Data Engineering Project for Beginners | Airflow, API, GCP, BigQuery, Coder

Data Engineering Project  for Beginners | Airflow, API, GCP, BigQuery, Coder

🎥 Watch Youtube tutorial

💻 Use Github repo

Real case project to give you a hands-on experience in creating your own Airflow pipeline and grasping what Idempotency, Partitioning, and Backfilling are.

🧭 Plan:

Data Pipeline using Airflow for Beginners

Pull OpenWeather API data → Data in data lake as Parquet files on GCP platform → Staging to Production tables in Data Warehouse (BigQuery)

🏆 Run the pipeline with Airflow using Coder - an open-source cloud development environment you download and host in any cloud. It deploys in seconds and provisions the infrastructure, IDE, language, and tools you want. Used as the best practice in Palantir, Dropbox, Discord, and many more.

Absolutely FREE, a few clicks to launch, and super user-friendly.

Let’s set up the things:

PART 1

First, make sure your Docker is running. https://docs.docker.com/desktop/install/mac-install/

Then open your terminal and run the command to install Coder

curl -L https://coder.com/install.sh | sh

next start coder with the command

coder server

Open browser and navigate to http://localhost:3000 → Create your user

💣 Boom, the platform is up and running!

Now Click Templates → Starter Templates → pick Docker containers

After it's provisioned let’s edit it a little: Dockerfile → Edit files → Add these lines:

    python3 \
    python3-pip \

main.tf → Edit files → Add these after terraform block:
(or copy from https://registry.coder.com/modules/apache-airflow)

module "airflow" {
  source   = "registry.coder.com/modules/apache-airflow/coder"
  version  = "1.0.13"
  agent_id = coder_agent.main.id
}

Click build and Publish

Now let’s create a workspace from the template:
click Workspaces → Create → Choose your newly built template → Click Airflow button → Create user → Tada 🎉

Now your Airflow instance ready & steady 🏎️

Coder platform Airflow

PART 2

Set up Connection to Google Cloud Platform - we’ll need a GCP Service Account (like credentials to access google platform programmatically):

  1. Create GCP account (it has free credits for the newbies, so don’t worry about the cost https://cloud.google.com/free/docs/free-cloud-features);
  2. Console Access: Go to the GCP Console, navigate to the IAM & Admin section, and select Service Accounts.
  3. Create Service Account: Click on "Create Service Account", provide a name, description, and click "Create".
  4. Grant Access: Assign the appropriate role Editor (just for the simplification)
  5. Create Key: Click on "Create Key", select JSON, and then "Create". This downloads a JSON key file.

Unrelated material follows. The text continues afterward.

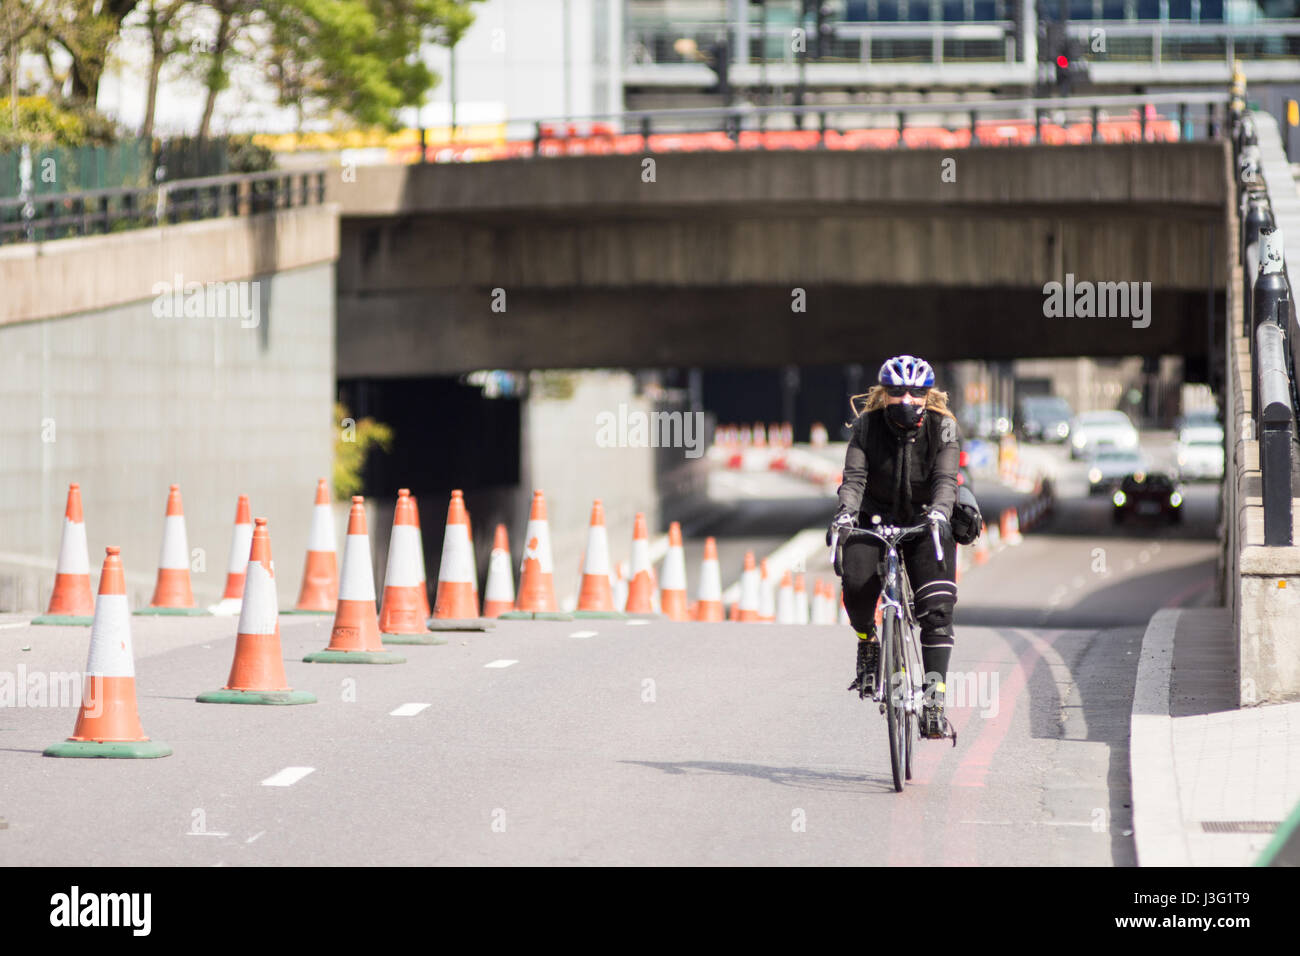 London, England - 30. April 2016: Ein Radfahrer bei Blackfriars Unterführung auf Londons Damm. Die große Kreuzung, genannt ein "Stadtautobahn" durin Stockfoto

Keep this file secure, as it provides API access to your GCP resources.
  6. In Airflow Connections tab find “google_cloud_default” → under Keyfile JSON → insert WHOLE json file contents → Save

Set up variables

  1. In GCP create new project → Get the ID
  2. create account in OpenWeather API https://openweathermap.org/ → get API key
  3. In Airflow Variable tab create variables
weather-api-key = ‘API_KEY’
bq_data_warehouse_project = ‘your project ID’
gcs-bucket = ‘weather-tutorial’

PART 3

Create folder /dags and our first dag called data_ingestion.py

I like to start with writing the generic outline of the dag first, like:

default_args = {
    'owner': 'airflow',
    'depends_on_past': False,
    'start_date': days_ago(1),
    'email_on_failure': False,
    'email_on_retry': False,
    'retries': 1,
    'retry_delay': timedelta(minutes=5)
}

dag = DAG(
    'weather_data_ingestion',
    default_args=default_args,
    description='Fetch weather data and store in BigQuery',
    schedule_interval='@daily',
)

Next let’s outline the steps you need your dag to perform:

fetch_weather_data_task >> gcs_to_bq_staging_task >> create_table_with_schema >> stg_to_prod_task

Next let’s define global variables we would like to use here, pull safely

# specifying global variable with CAPITAL letter as one of the best practices
API_KEY = Variable.get("weather-api-key")
GCS_BUCKET = Variable.get("gcs-bucket")
PROJECT_ID = Variable.get("bq_data_warehouse_project")

BQ_DATASET = "weather"
BQ_STAGING_DATASET = f"stg_{BQ_DATASET}"
TABLE_NAME = 'daily_data'
SQL_PATH = f"{os.path.abspath(os.path.dirname(__file__))}/sql/"
LAT = 40.7128  # Example: New York City latitude
LON = -74.0060  # Example: New York City longitude

okay let’s start with the first task fetch_weather_data_task

#it's Python operator, as we are going to create a function with pulling the fetch_weather_data_task = PythonOperator(
    task_id='fetch_weather_data',
    python_callable=fetch_weather_data,
    dag=dag,
)

let’s define our function fetch_weather_data

We are going to save it into Parquet file format (you can do it in csv tho, just make things easier), as it’s one of the best practices:

Parquet stores data in a columnar format, each column is stored together. It’s better for compression, allows query engines to skip reading unnecessary data while processing queries, and optimized for Analytics Workloads

def fetch_weather_data(**context):
    unix_timestamp, date = date_to_unix_timestamp()
    url = f"https://api.openweathermap.org/data/3.0/onecall/timemachine?lat={LAT}&lon={LON}&dt={unix_timestamp}&appid={API_KEY}"

    # Make the request
    response = requests.get(url)
    data = response.json()["data"]
    df = pd.DataFrame(data)

    # Create an extra column, datetime non-unix timestamp format
    df['datetime'] = date

    # Save DataFrame to Parquet
    filename = f"weather_data_{date}.parquet"
    """
    Push the filename into Xcom - XCom (short for cross-communication) is a 
    mechanism that allows tasks to exchange messages or small amounts of data.
    Variable have a function scope, but we need to use it in the next task
    """
    context['ti'].xcom_push(key='filename', value=filename)

    # Upload the file
    gcs_hook = GCSHook() # it's using default GCP conection 'google_cloud_default'
    gcs_hook.upload(bucket_name=GCS_BUCKET, object_name=filename, data=df.to_parquet(index=False))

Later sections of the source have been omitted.